#### Supplied information:
* * *

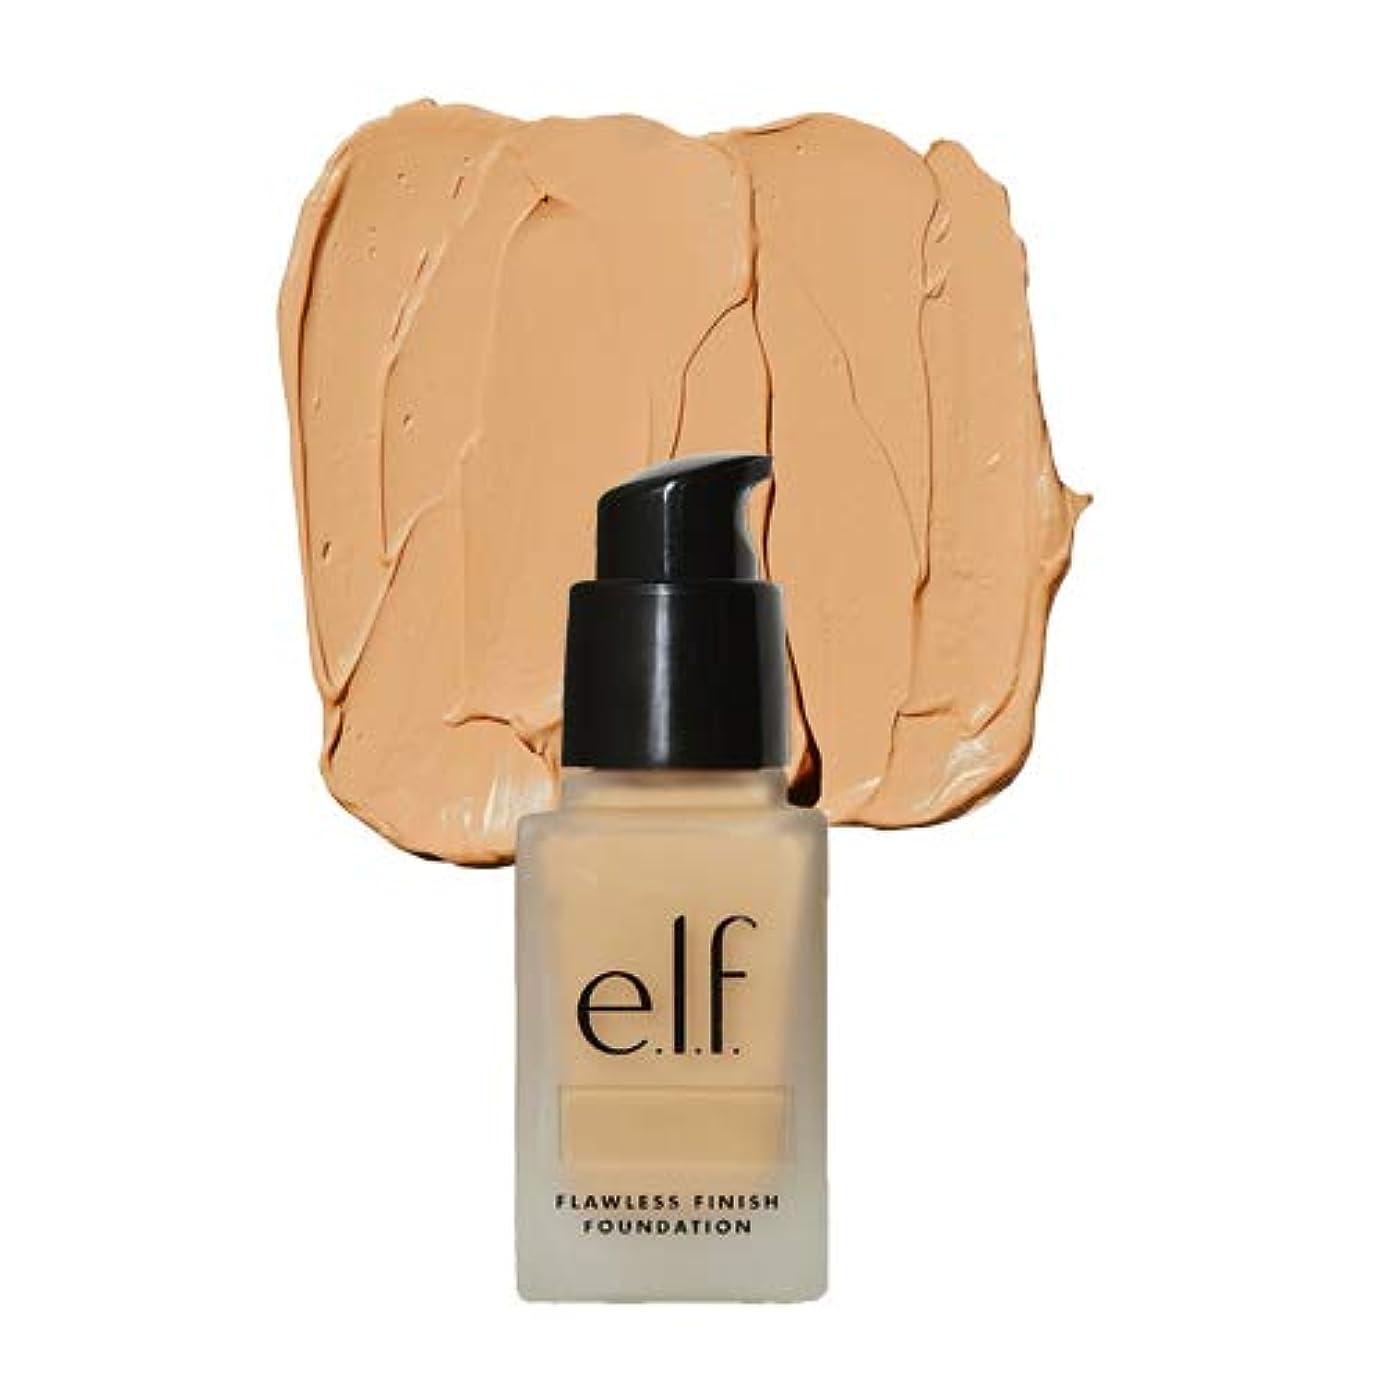 資本ダイエットチャンピオンシップ(3 Pack) e.l.f. Oil Free Flawless Finish Foundation - Buff (並行輸入品)
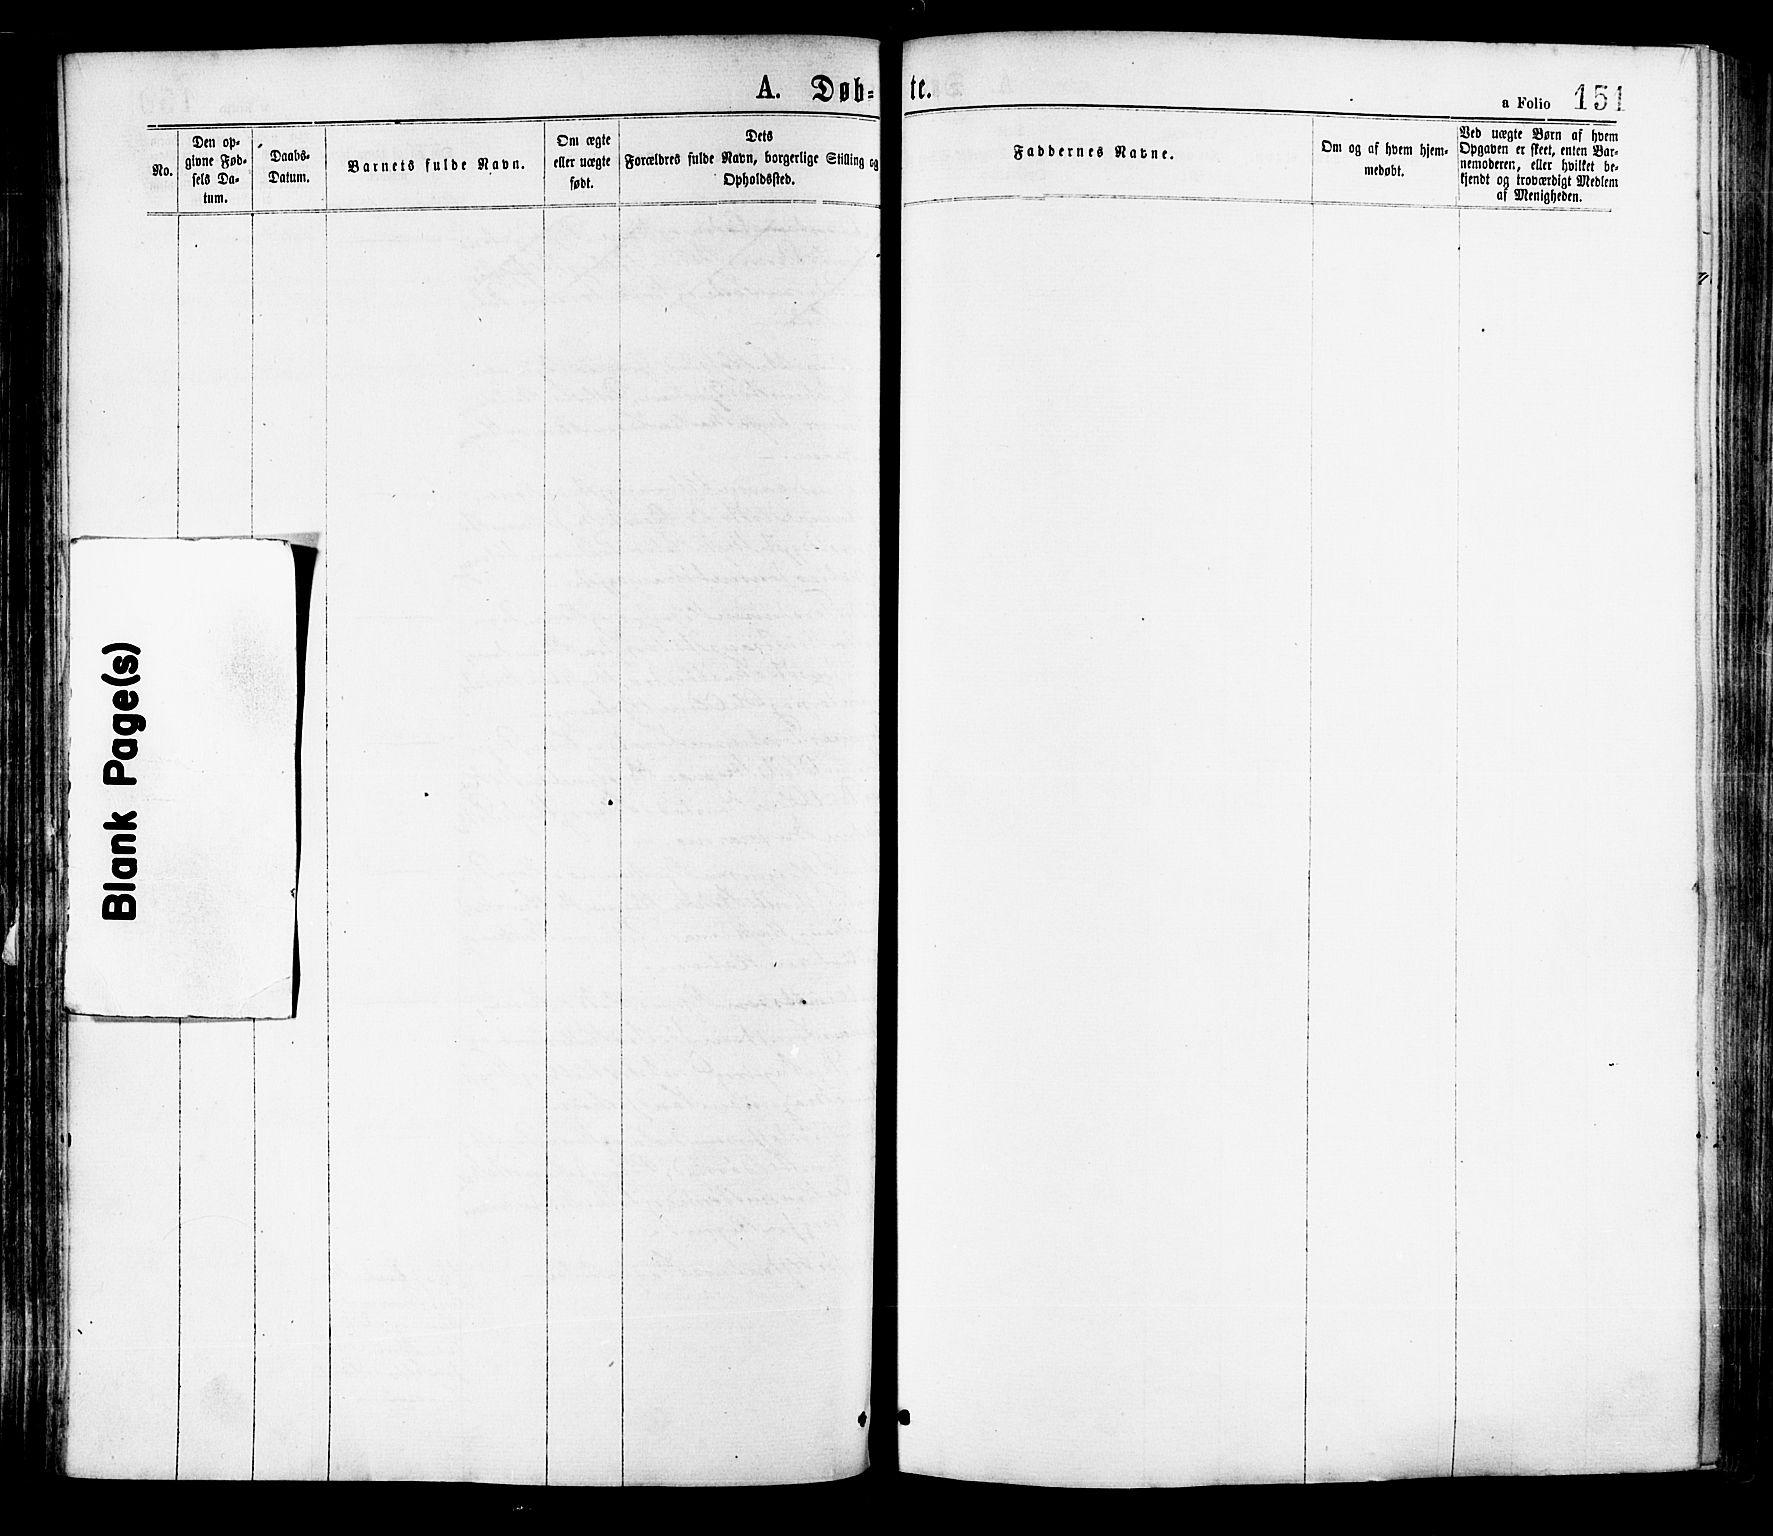 SAT, Ministerialprotokoller, klokkerbøker og fødselsregistre - Nord-Trøndelag, 709/L0076: Ministerialbok nr. 709A16, 1871-1879, s. 151
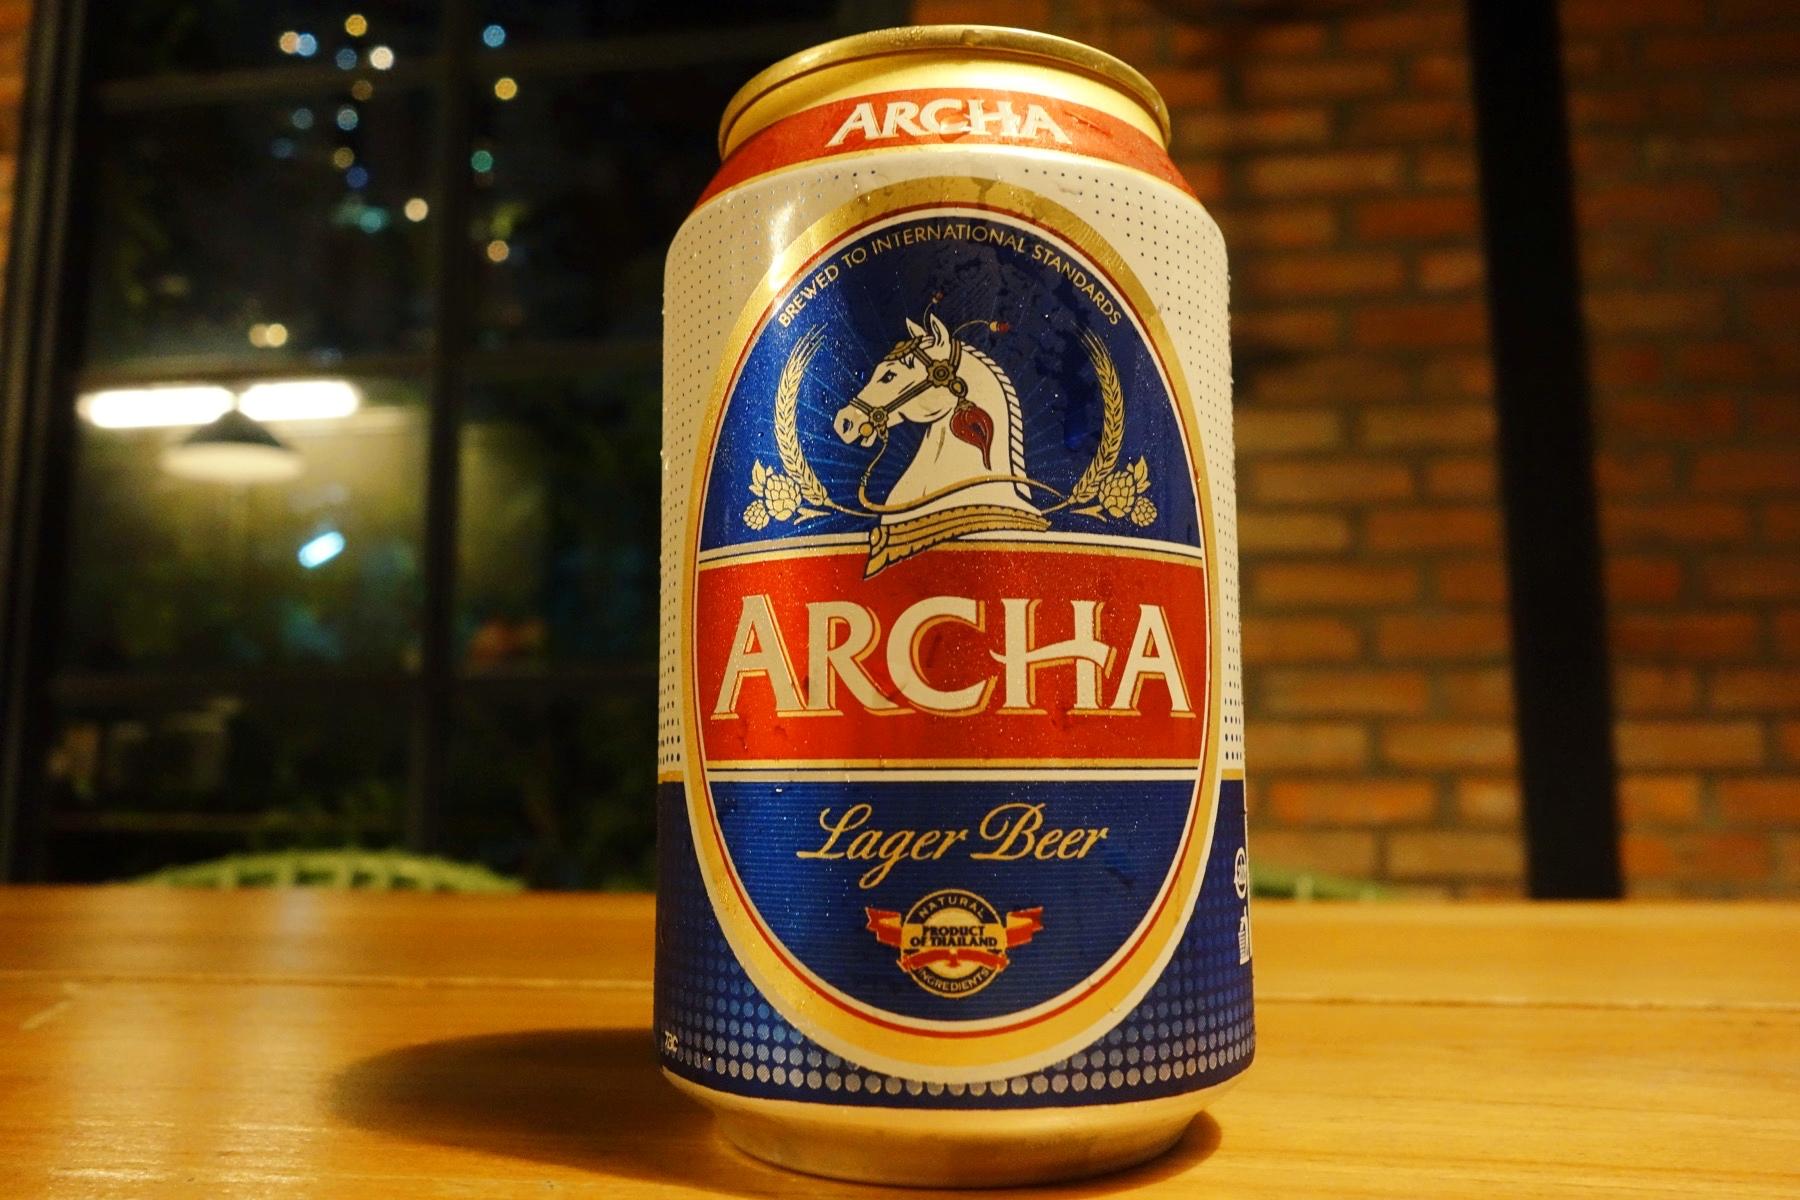 ARCHA(アーチャー)

* * *

#### What is needed:
Give back the material above exactly, with each picture removed.

#### Result for this exercise:
 資本ダイエットチャンピオンシップ(3 Pack) e.l.f. Oil Free Flawless Finish Foundation - Buff (並行輸入品)
 SAT, Ministerialprotokoller, klokkerbøker og fødselsregistre - Nord-Trøndelag, 709/L0076: Ministerialbok nr. 709A16, 1871-1879, s. 151
 ARCHA(アーチャー)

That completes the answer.